┌─ THE DATA

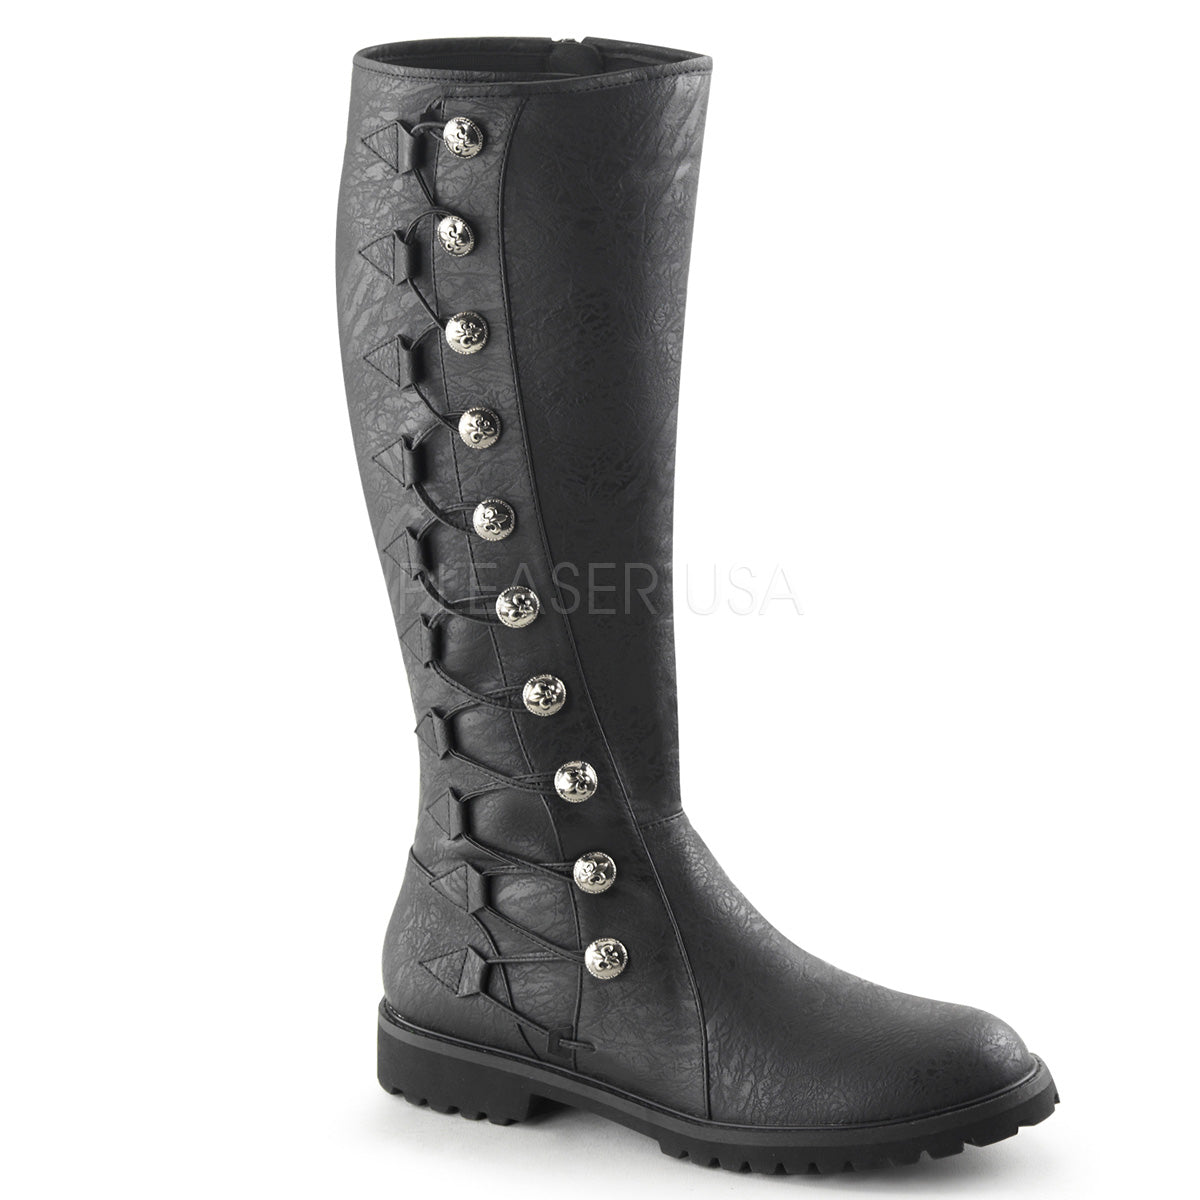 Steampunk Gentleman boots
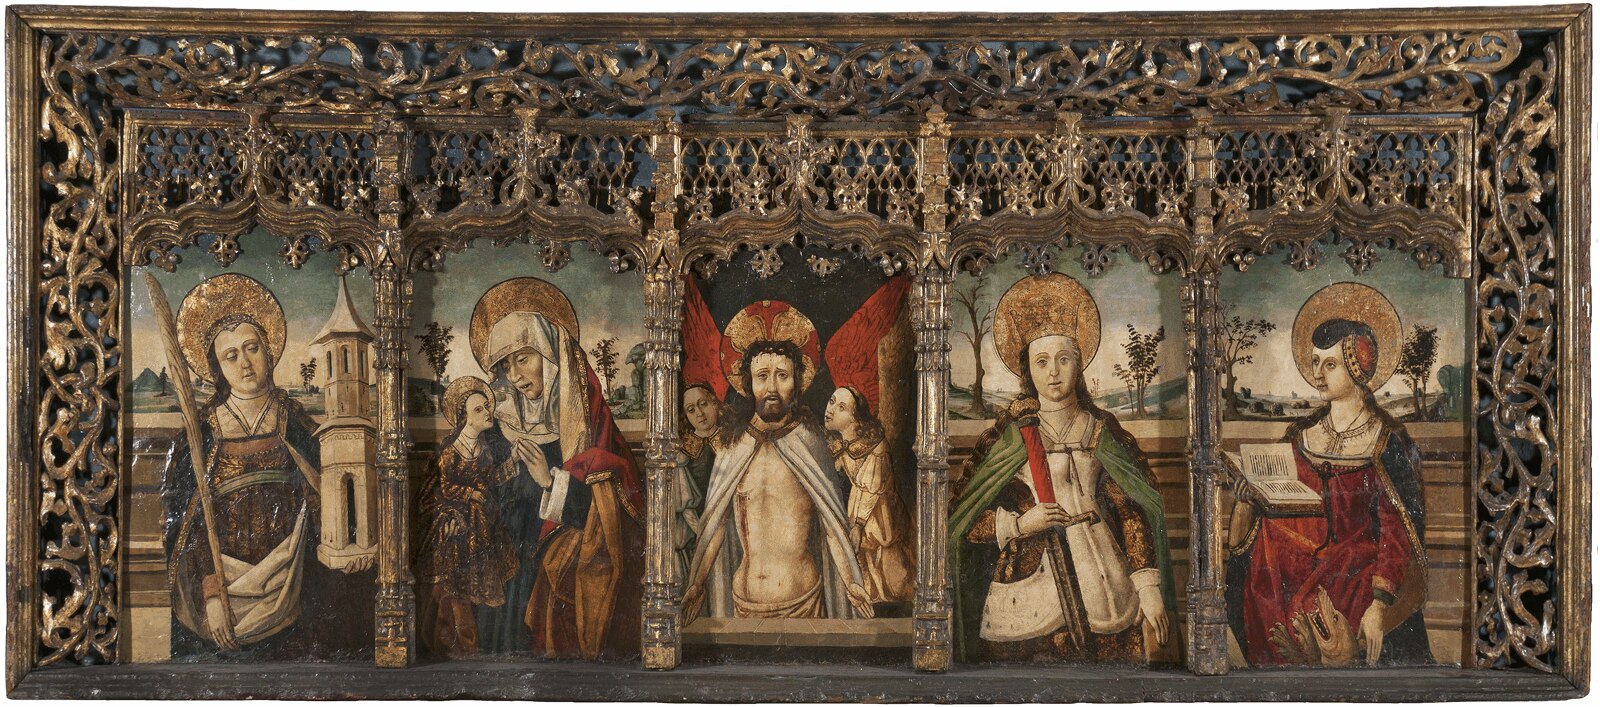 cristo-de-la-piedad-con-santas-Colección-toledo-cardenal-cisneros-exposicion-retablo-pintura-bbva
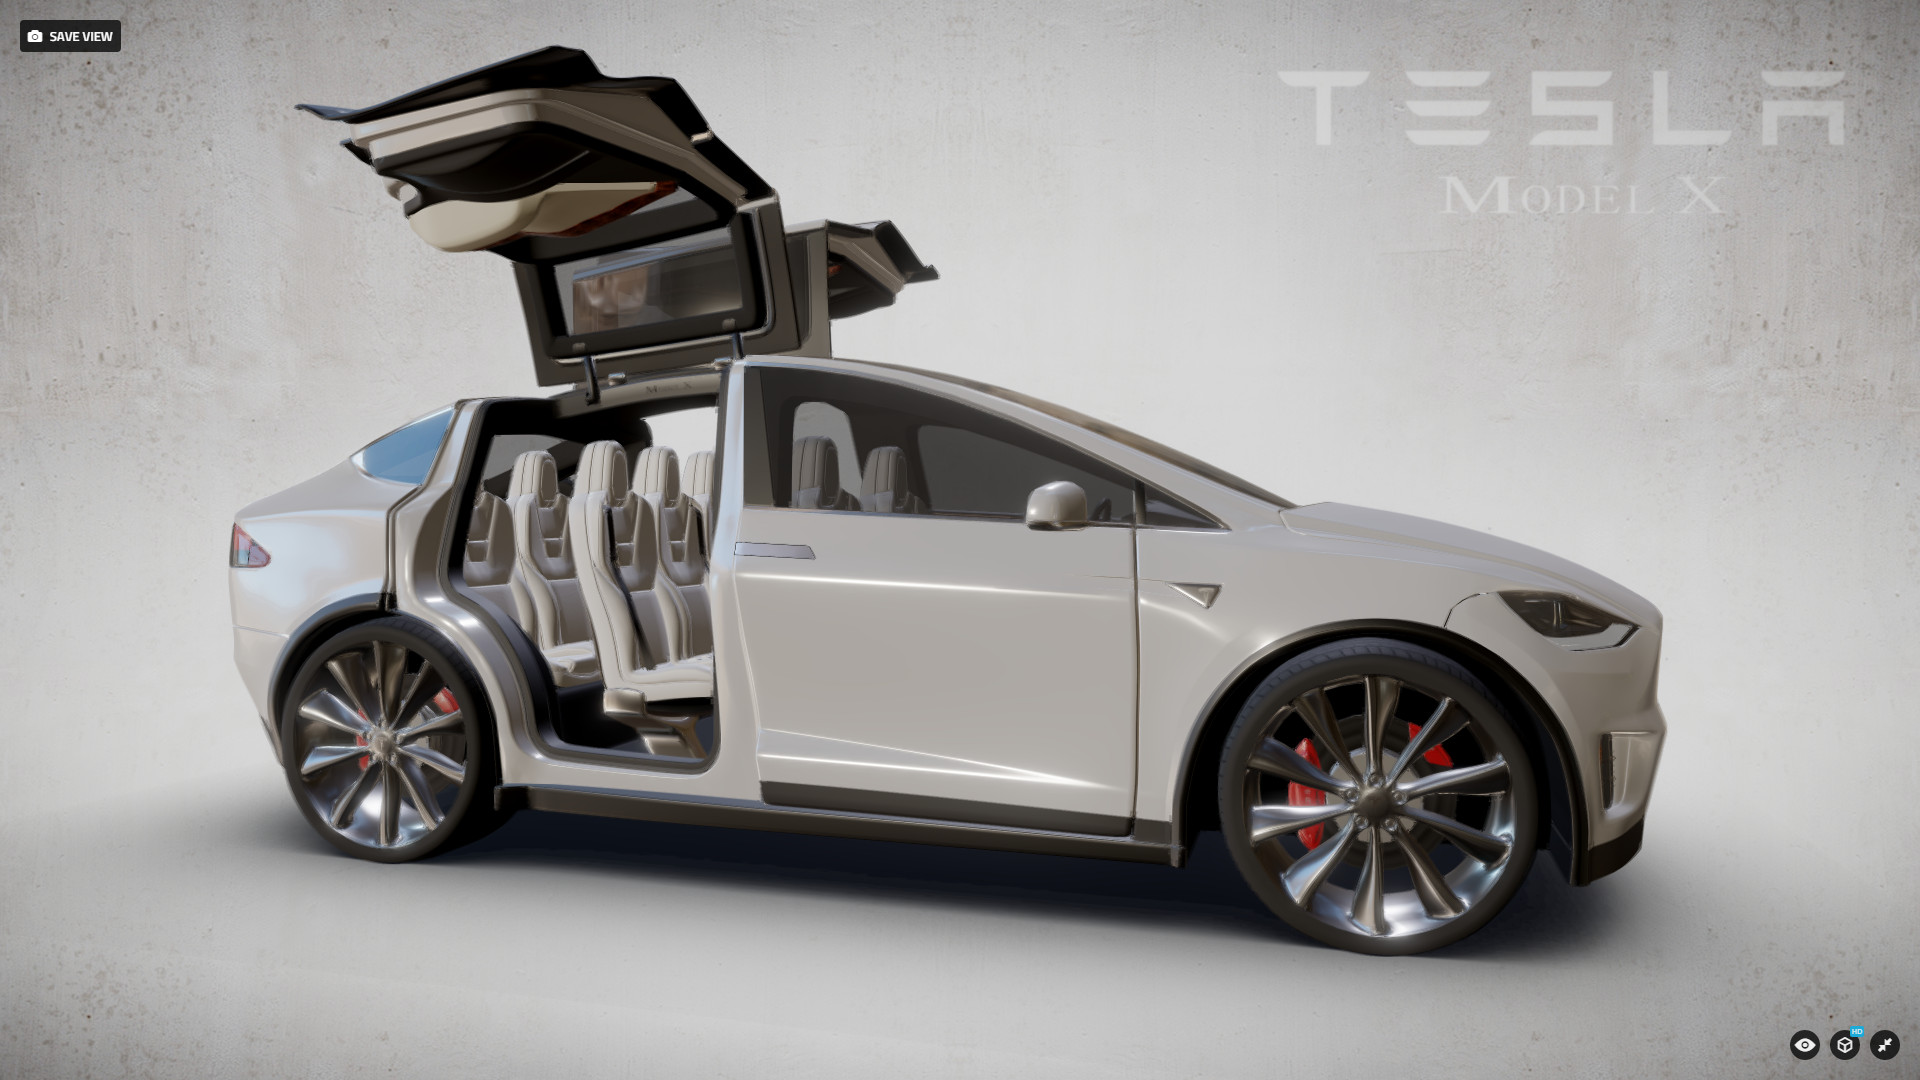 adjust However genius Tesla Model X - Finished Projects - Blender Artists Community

└─

TRY IT:
Pictures stay out. Everything else in the listing gets printed exactly.

RESULT FOR THIS EXERCISE:
 Steampunk Gentleman boots
 cristo-de-la-piedad-con-santas-Colección-toledo-cardenal-cisneros-exposicion-retablo-pintura-bbva
 adjust However genius Tesla Model X - Finished Projects - Blender Artists Community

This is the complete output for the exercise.